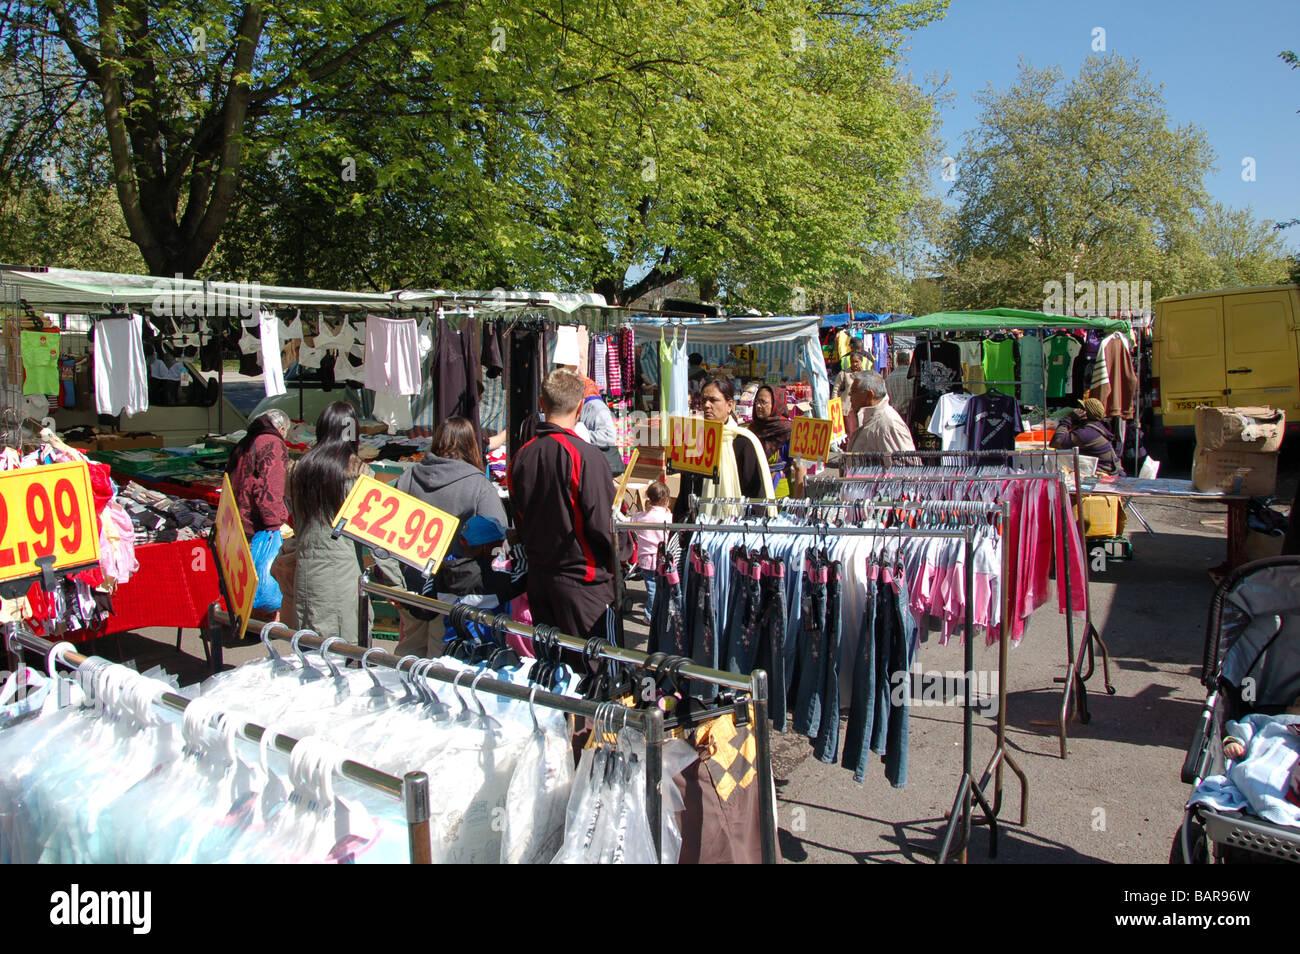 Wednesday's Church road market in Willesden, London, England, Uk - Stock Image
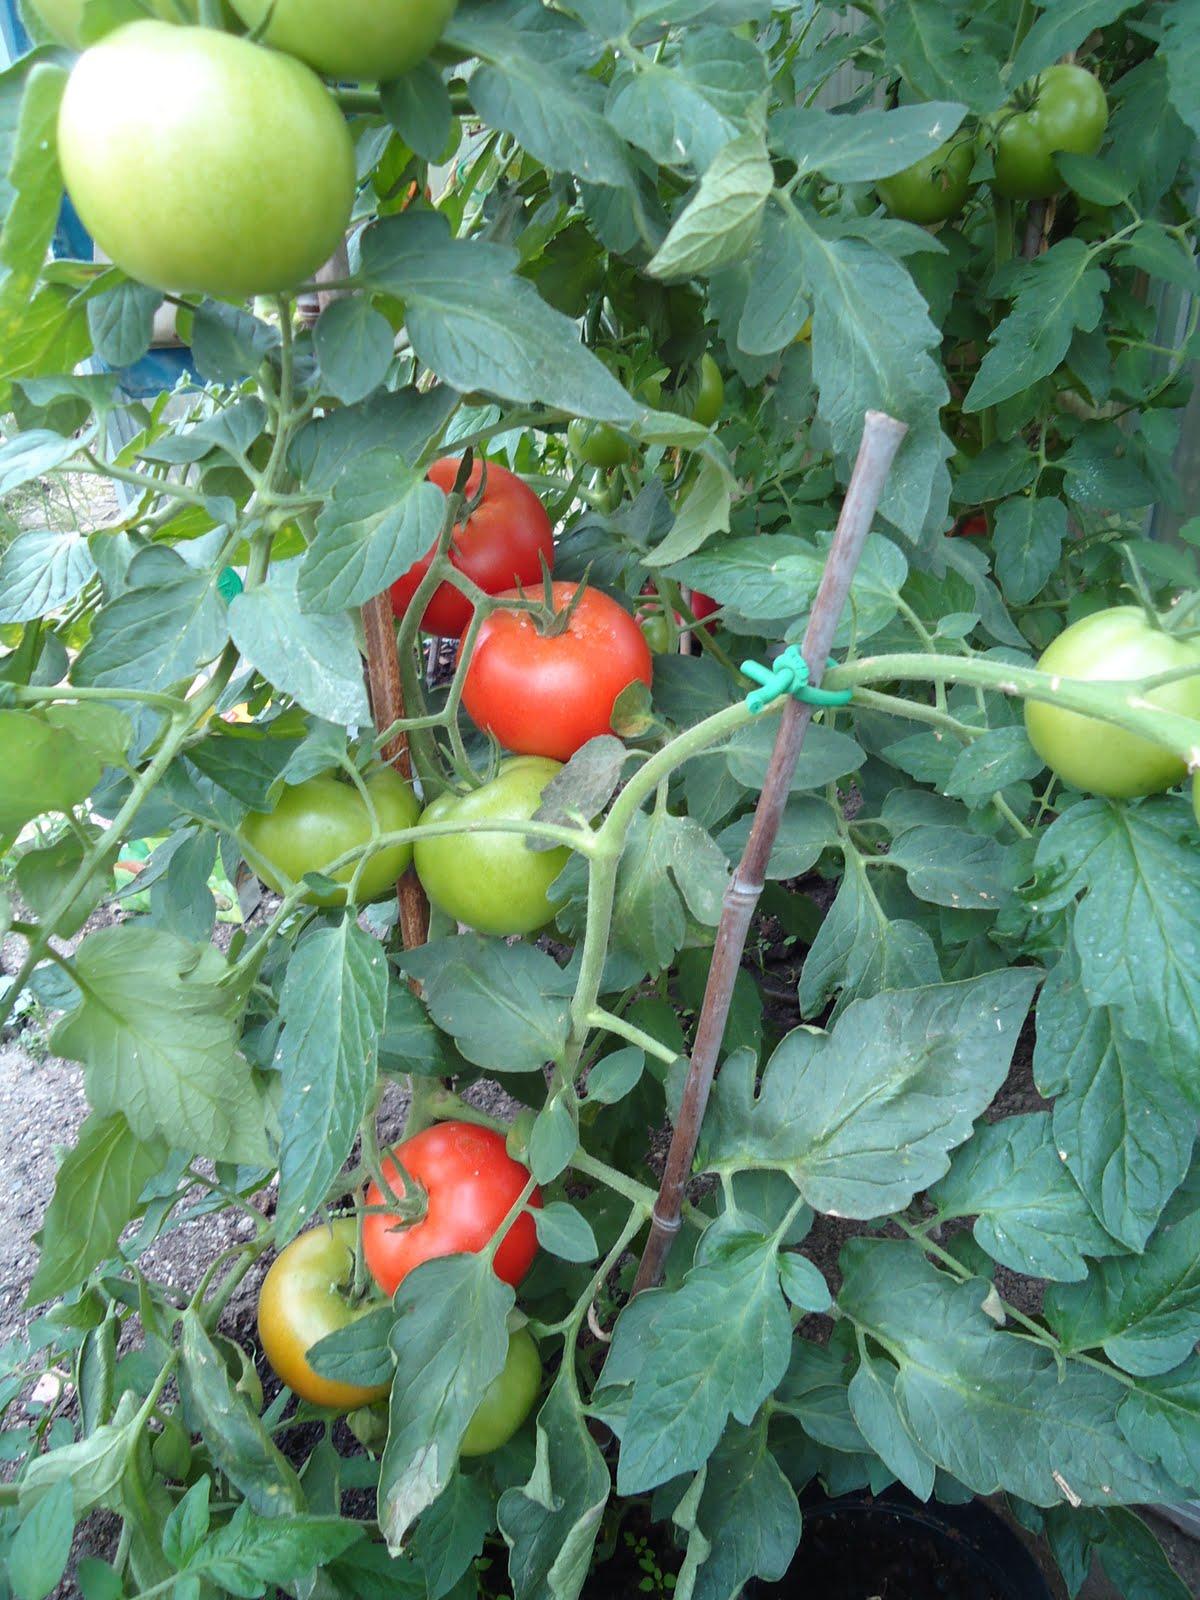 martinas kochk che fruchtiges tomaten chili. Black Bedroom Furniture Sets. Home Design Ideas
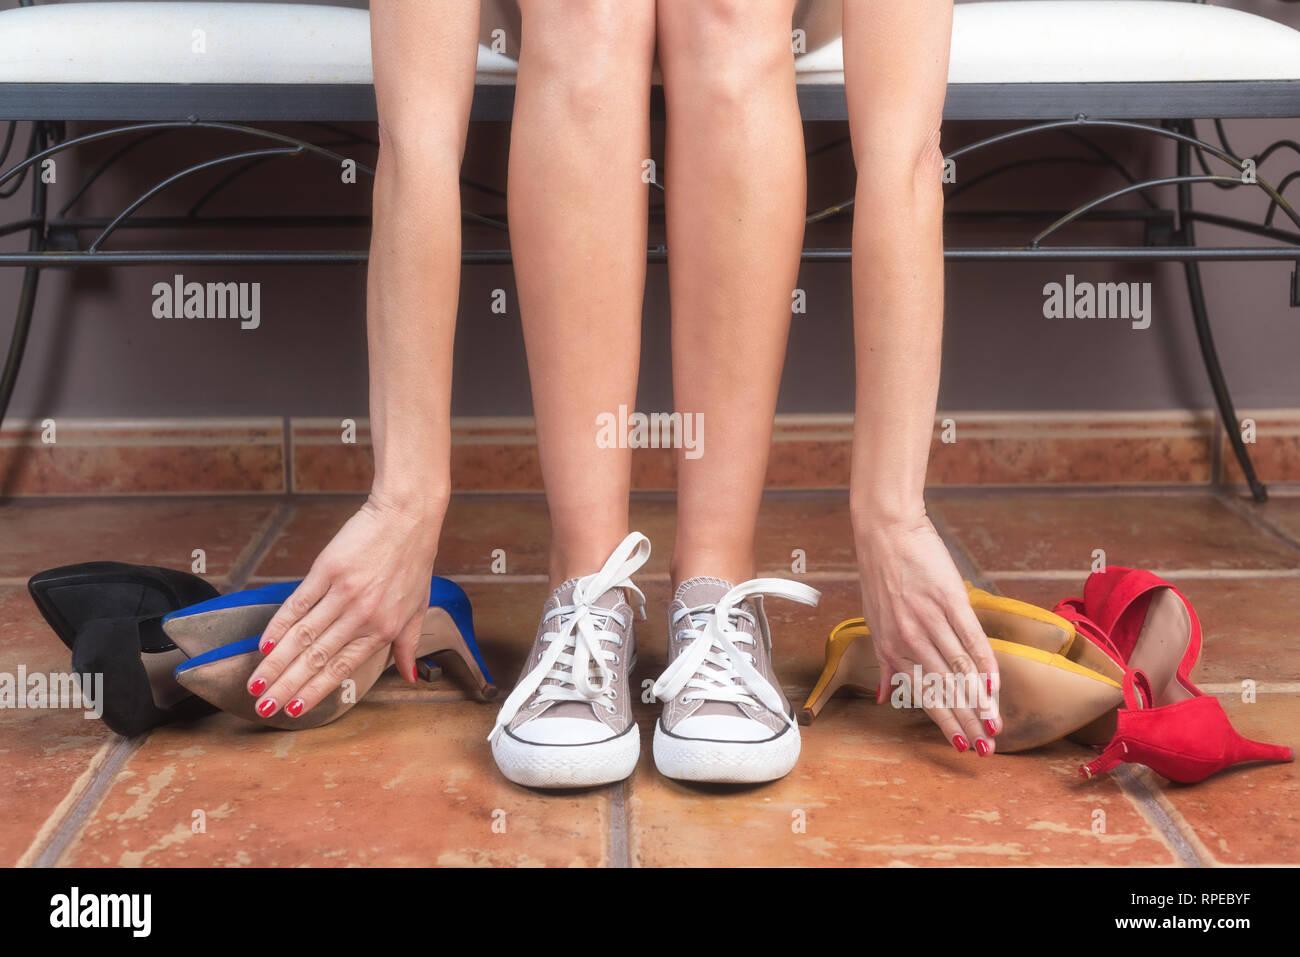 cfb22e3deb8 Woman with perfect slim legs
○ ○ ○ ○ ○ ○ ○
EXERCISE: Retype all of the listing word for word and skip the pictures.

RESPONSE TO THE EXERCISE:
 Wednesday's Church road market in Willesden, London, England, Uk - Stock Image
 martinas kochk che fruchtiges tomaten chili. Black Bedroom Furniture Sets. Home Design Ideas
 cfb22e3deb8 Woman with perfect slim legs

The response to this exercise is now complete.